An SOB doesn’t mind upsetting people, cares nothing for bonding and rather enjoys stirring things up. They are dislikeable people but their very nastiness is useful.

Now that I think of it, I can see that the SOB serves many functions. They dash in on the attack, battering-ram style, leaving it up to the chairman to restrain them before serious damage is done. Their attack leaves the way open for the nicer, more constructive, board members to come in after them, attacking more powerfully than they otherwise would have.

The SOB has other uses too. He prevents things from getting too cosy round the table and is someone harmless for others to gang up against.

Indeed, the pro-SOB arguments are so persuasive that there ought to be quotas to ensure every company has a beast in the boardroom. According to my new friend, the ideal number of SOBs around the table is one – implying a quota of about 10 per cent – as more than that means too many clashes.

However, this scheme may be harder to implement than other quotas. If you are a woman, say, you know that you are one, and others do too, but if you are an SOB, you may not think of yourself in that way.

Verifying whether a company has hit its target could be tricky, as the SOB might not want to be labelled as such. The system would have to operate rather as it does in poker – if you can’t work out who the sucker is, it’s you.

There is another reason why there is no need for a formal SOB quota. That is because they are in such plentiful supply – the problem may not be getting one on board but not getting half a dozen.

Still, whether one does it through quotas or more informally, ensuring a diversity of the nice and nasty seems a better way of achieving diversity of thought (which is the object of the exercise) than to use the proxy of male and female. The latter has never struck me as obviously better than insisting on a mixture of black and white, old and young, rich and poor, or posh and chav.
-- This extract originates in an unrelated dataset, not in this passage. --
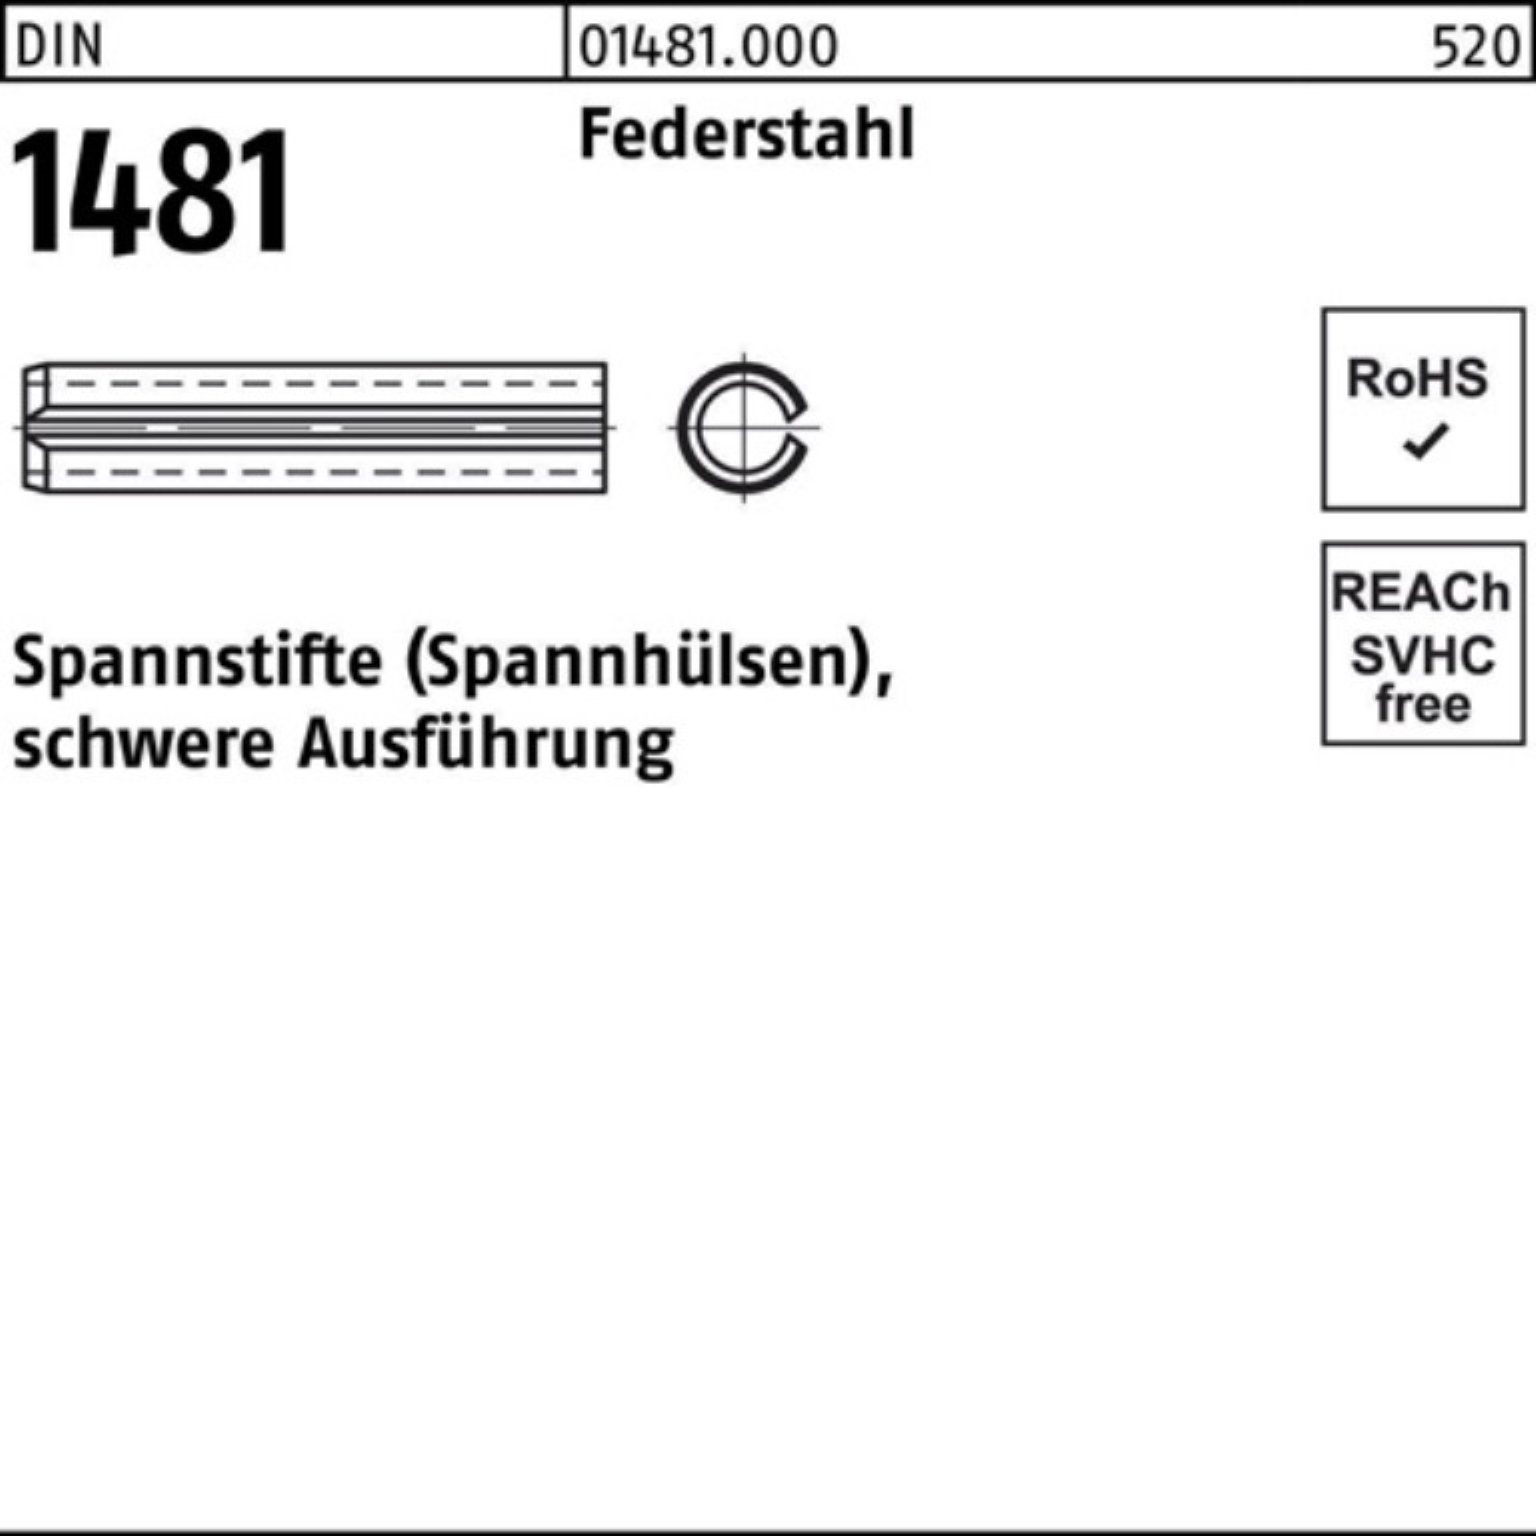 Reyher Spannstift 100er Pack Spannstift DIN 1481 10x 40 Federstahl schwere Ausführung 1
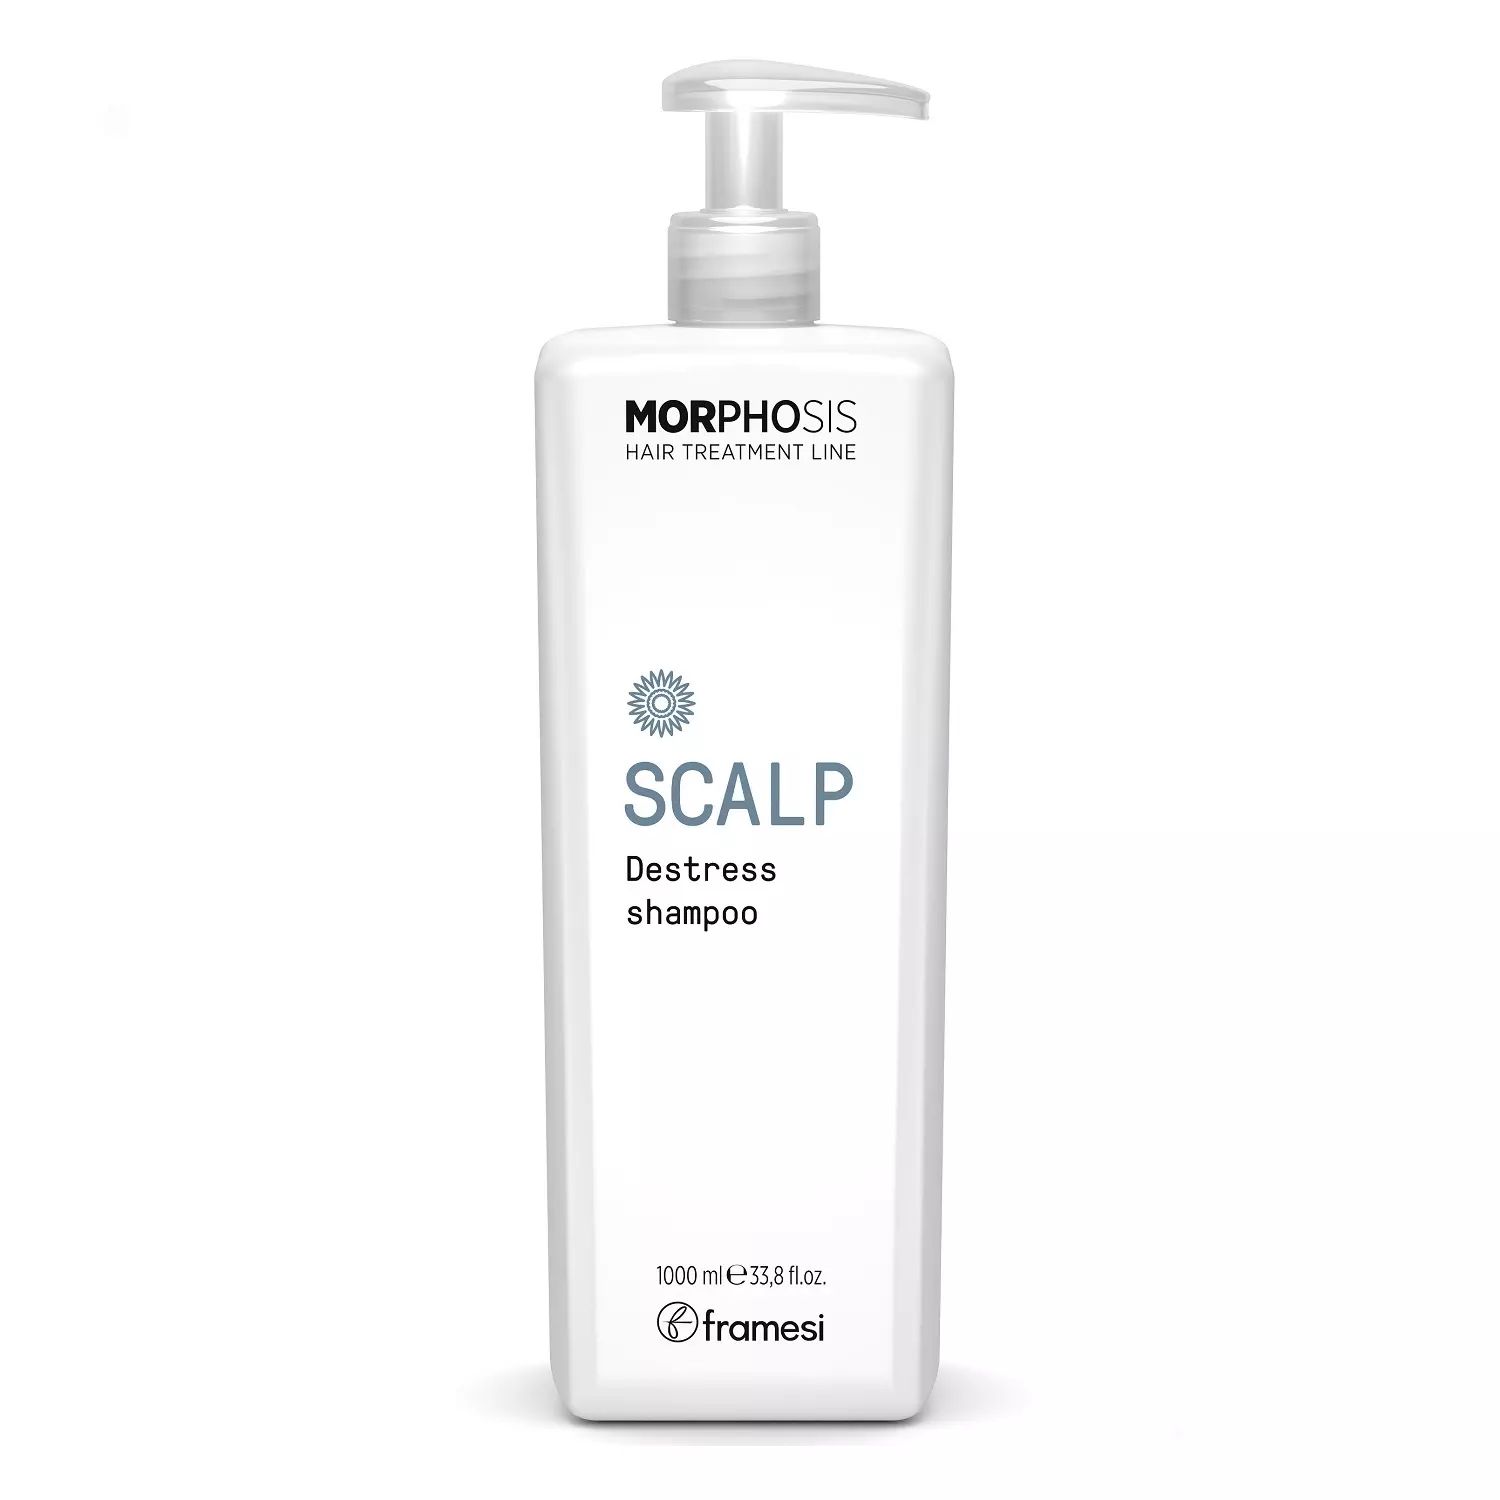 Шампунь Framesi Scalp destress shampoo для чувствительной кожи головы 1000 мл

Yet every week the Women on Boards (WOB) lobby shouts more loudly. Last week, management consultancy Hay Group published an apparently shocking survey of large European companies showing that women directors get paid 7 per cent less on average than men because they are under-represented on the audit or risk committees.

I can’t see what’s so bad in this. The additional pay directors get from being on the audit committee – €11,000 a year – doesn’t seem a lot when you think of all that time, all that detail and all the extra risk you carry should things go wrong.

My chief feeling on not being on the audit committee of the company where I’m a non-executive director is not outrage, it’s relief.

The survey also bleats that far too few companies are chaired by women. If all WOBs were all like the one I sat next to at dinner last week, I would agree: the quota for chairwomen ought to be 100 per cent.

But alas, they aren’t. Women can be straightforward or they can be full of hot air. The last chairwoman I came across also took it upon herself to explain her system of board composition, for which she had an acronym too. Hers was ABC – Attitude, Behaviours, Commitment.